Without copying any picture, transcribe exactly the lines of the data below from the one containing "Colosseum in Rome" through the one containing "Merry Bauble Letters".

START Supplied records

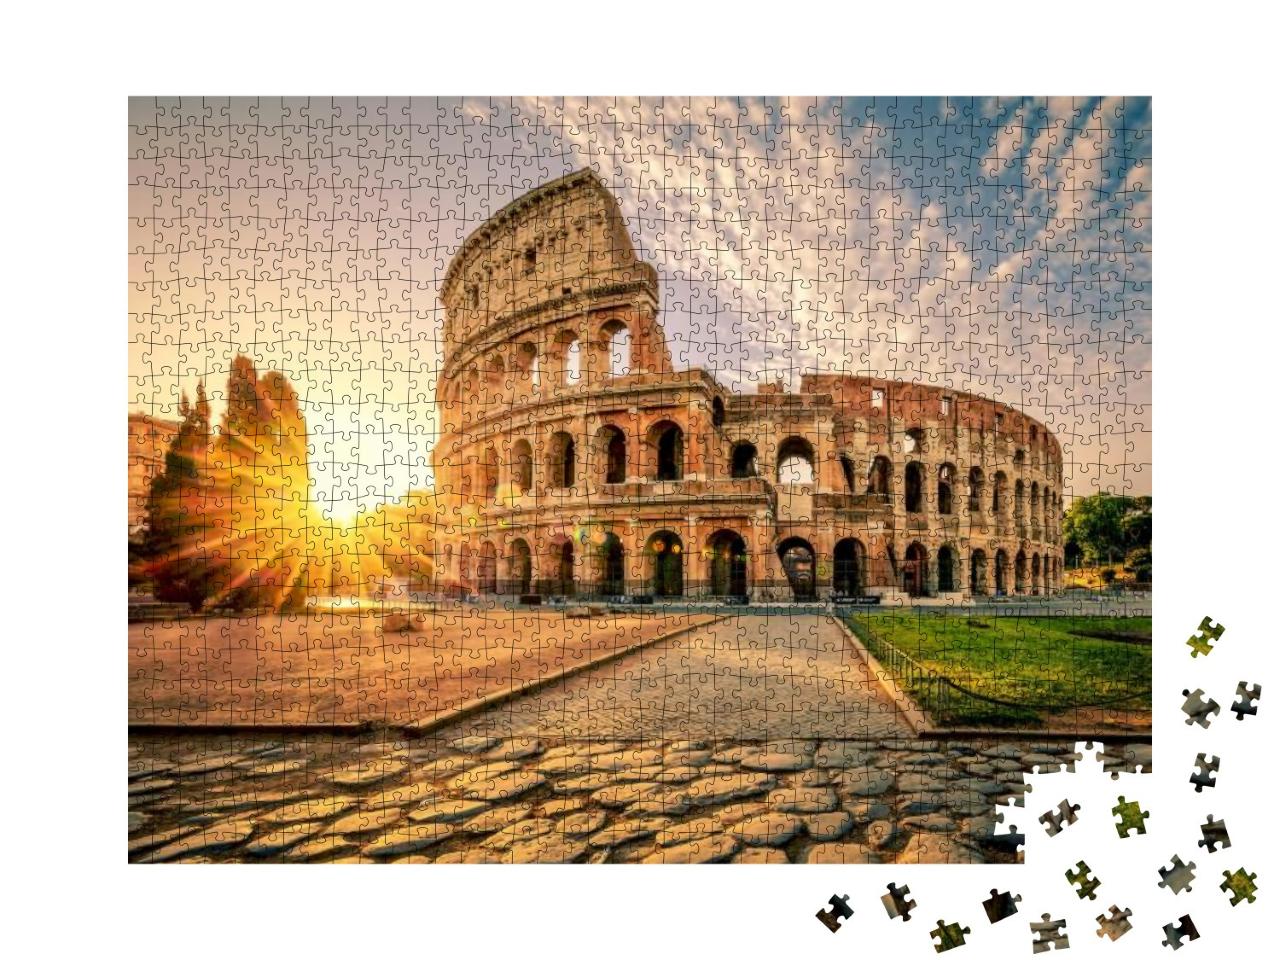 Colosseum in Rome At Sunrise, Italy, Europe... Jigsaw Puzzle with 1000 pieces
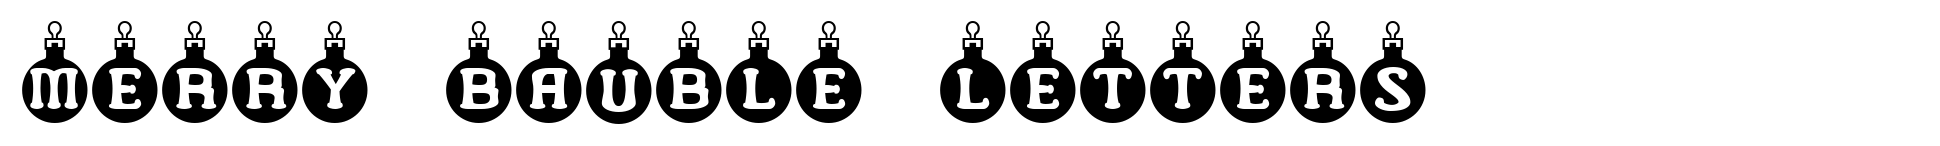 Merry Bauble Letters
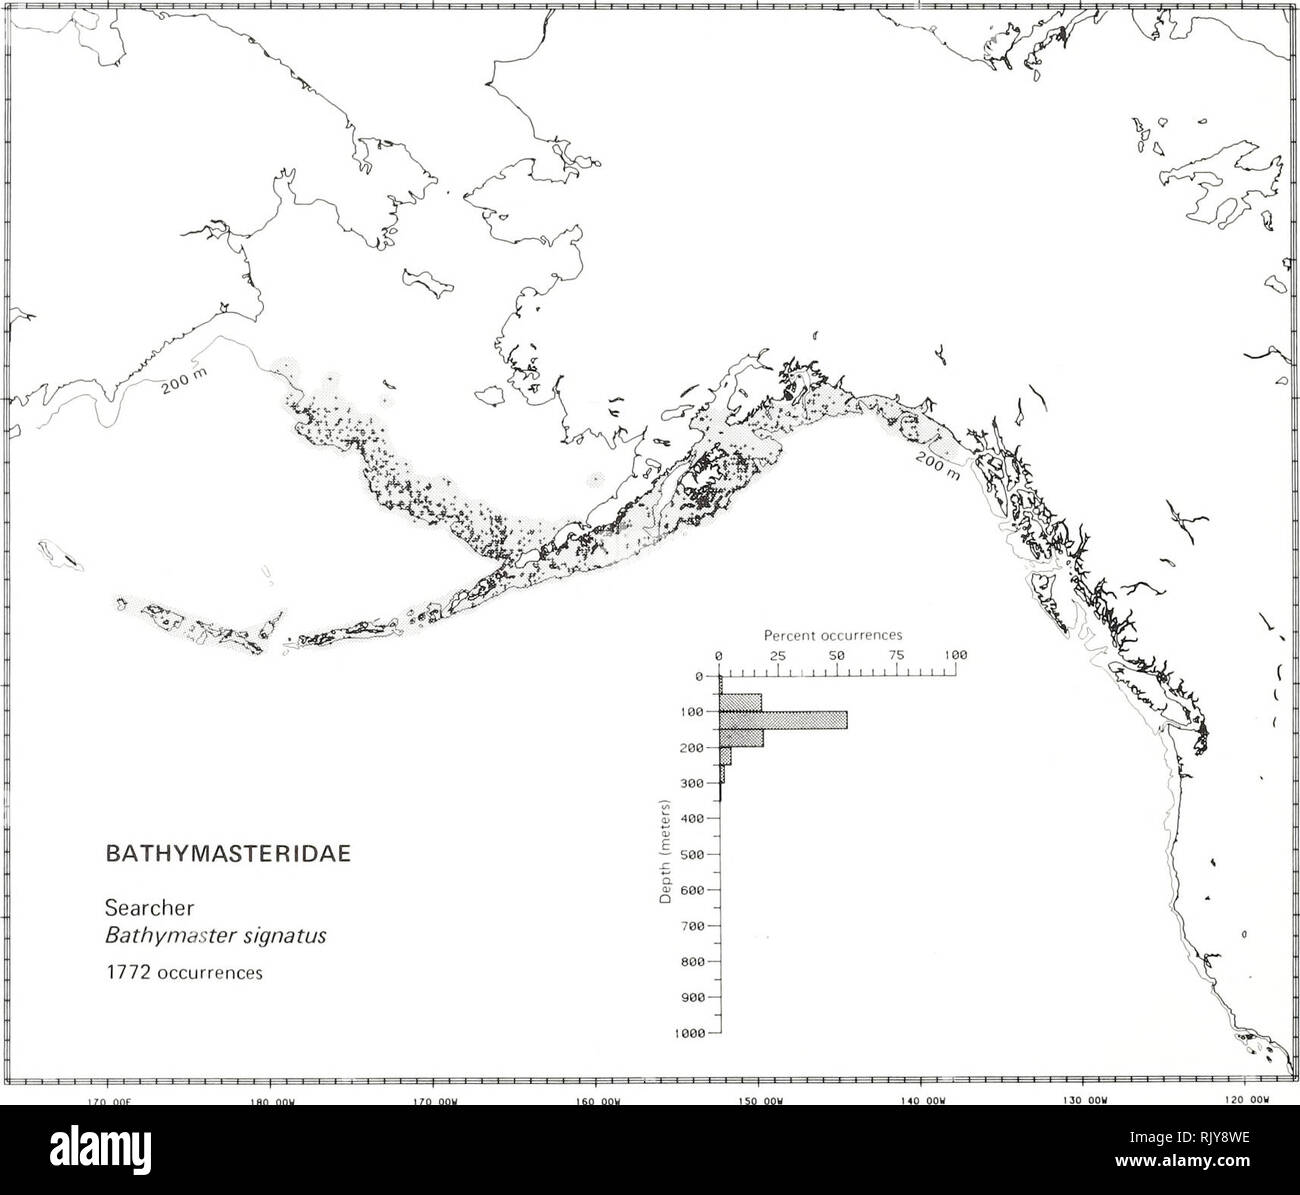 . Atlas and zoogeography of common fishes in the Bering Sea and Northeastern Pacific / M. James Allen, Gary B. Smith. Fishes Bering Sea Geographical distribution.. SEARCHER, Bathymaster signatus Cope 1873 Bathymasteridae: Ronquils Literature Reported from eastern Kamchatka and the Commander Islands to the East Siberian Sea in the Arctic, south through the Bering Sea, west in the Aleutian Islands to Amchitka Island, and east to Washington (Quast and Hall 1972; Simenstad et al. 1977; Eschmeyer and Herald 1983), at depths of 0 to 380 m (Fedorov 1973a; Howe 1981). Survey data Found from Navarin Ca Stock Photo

END Supplied records
START Supplied records

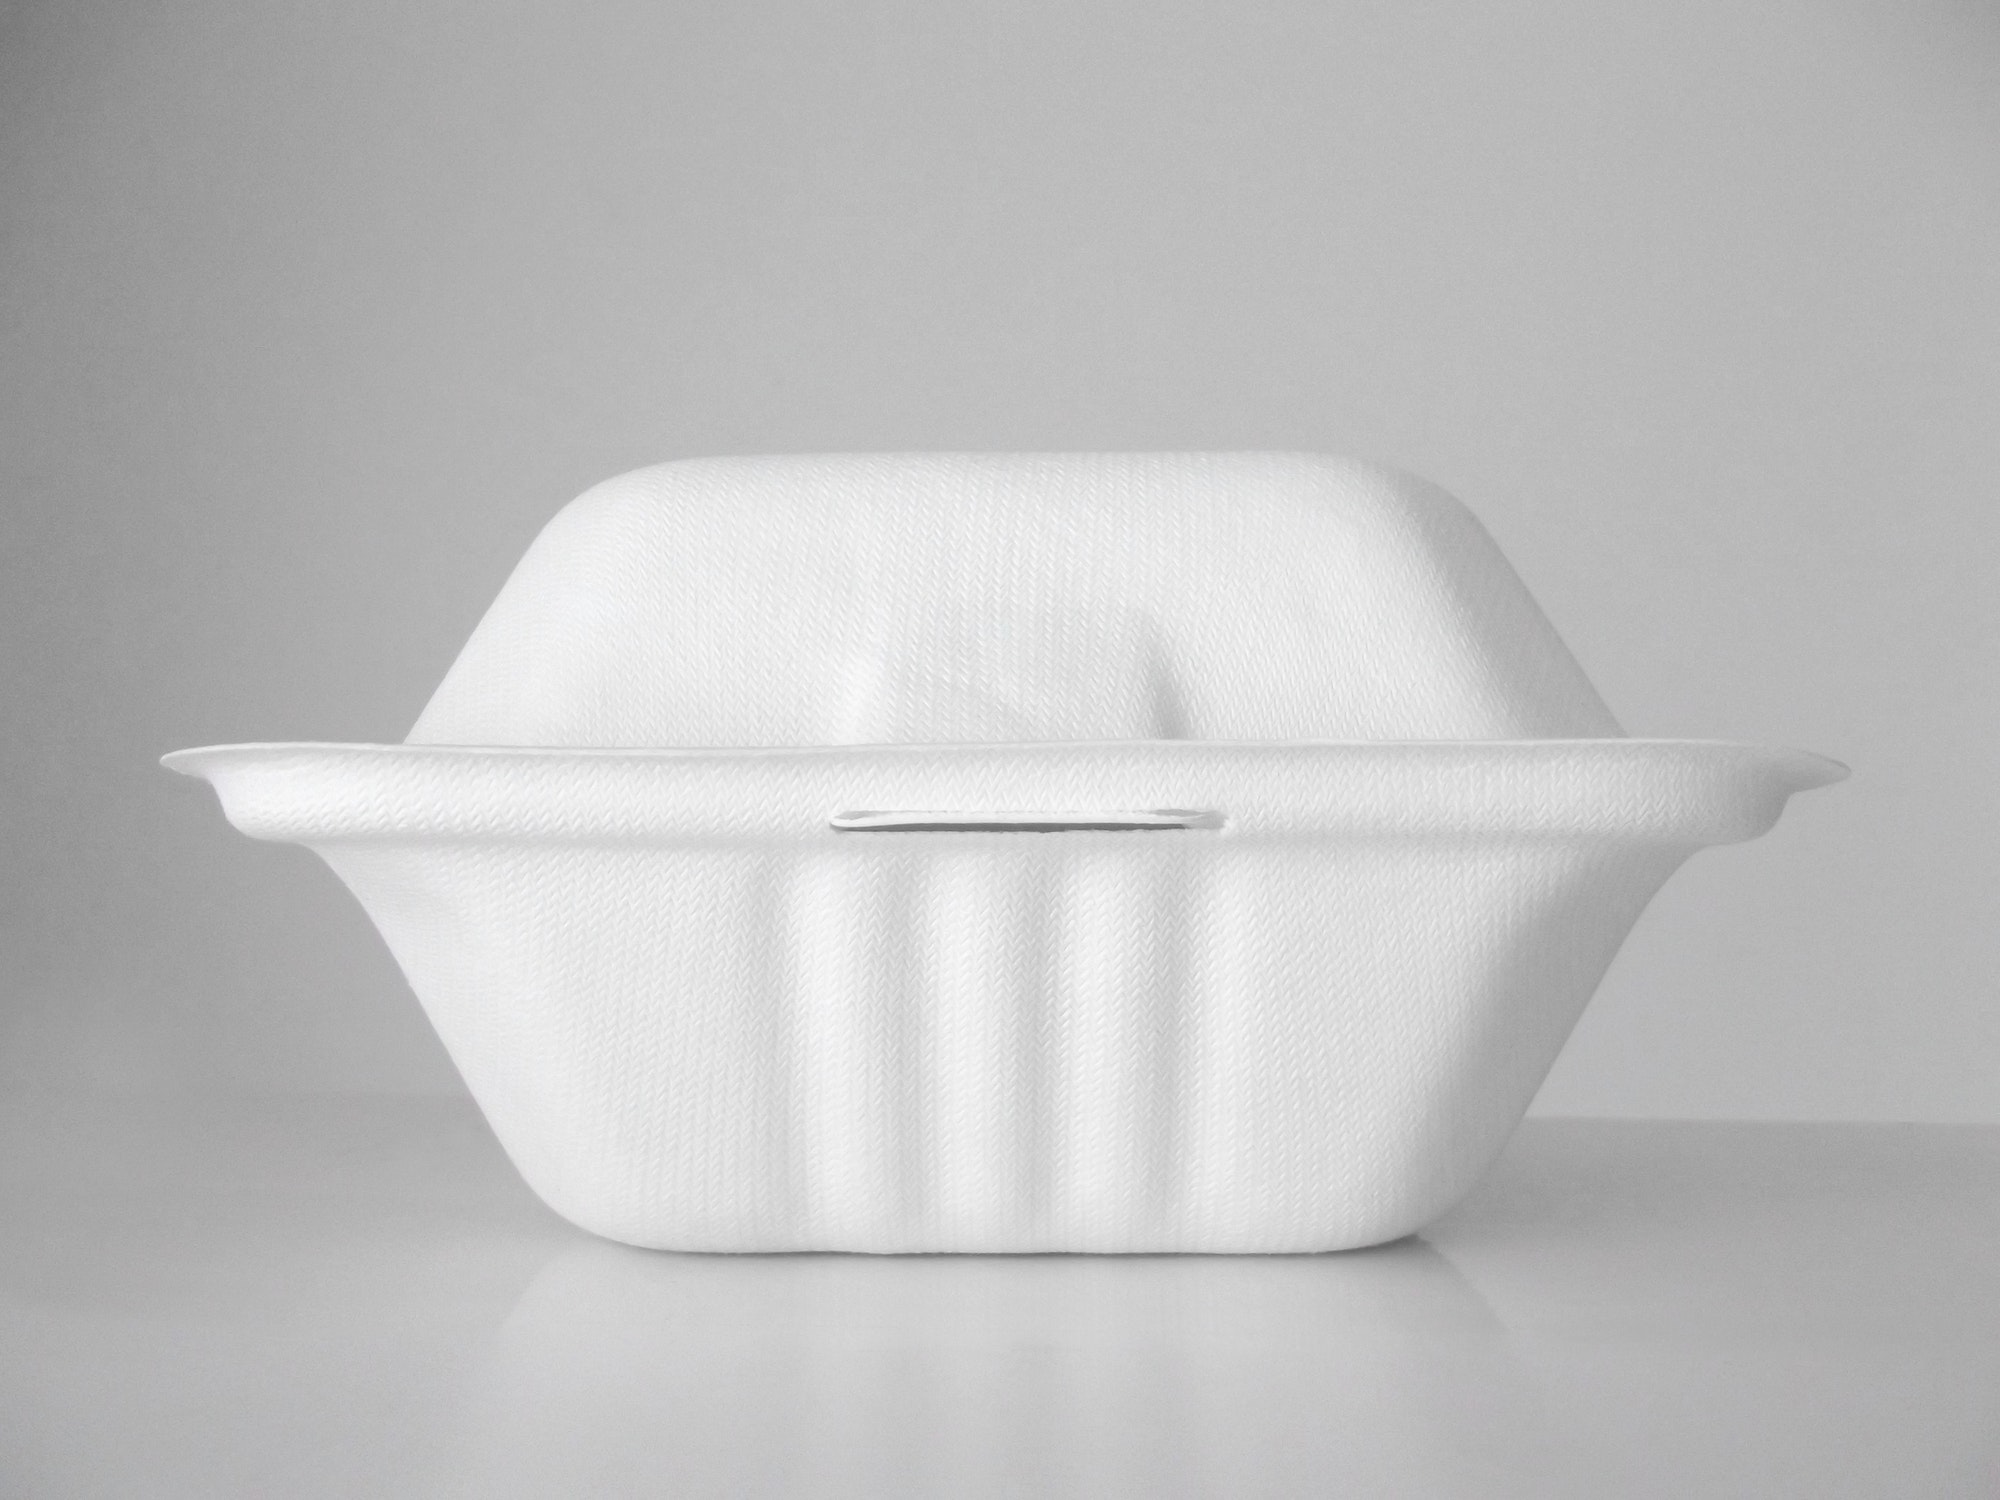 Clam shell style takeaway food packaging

END Supplied records

**Exercise response:**
 Colosseum in Rome At Sunrise, Italy, Europe... Jigsaw Puzzle with 1000 pieces
 Merry Bauble Letters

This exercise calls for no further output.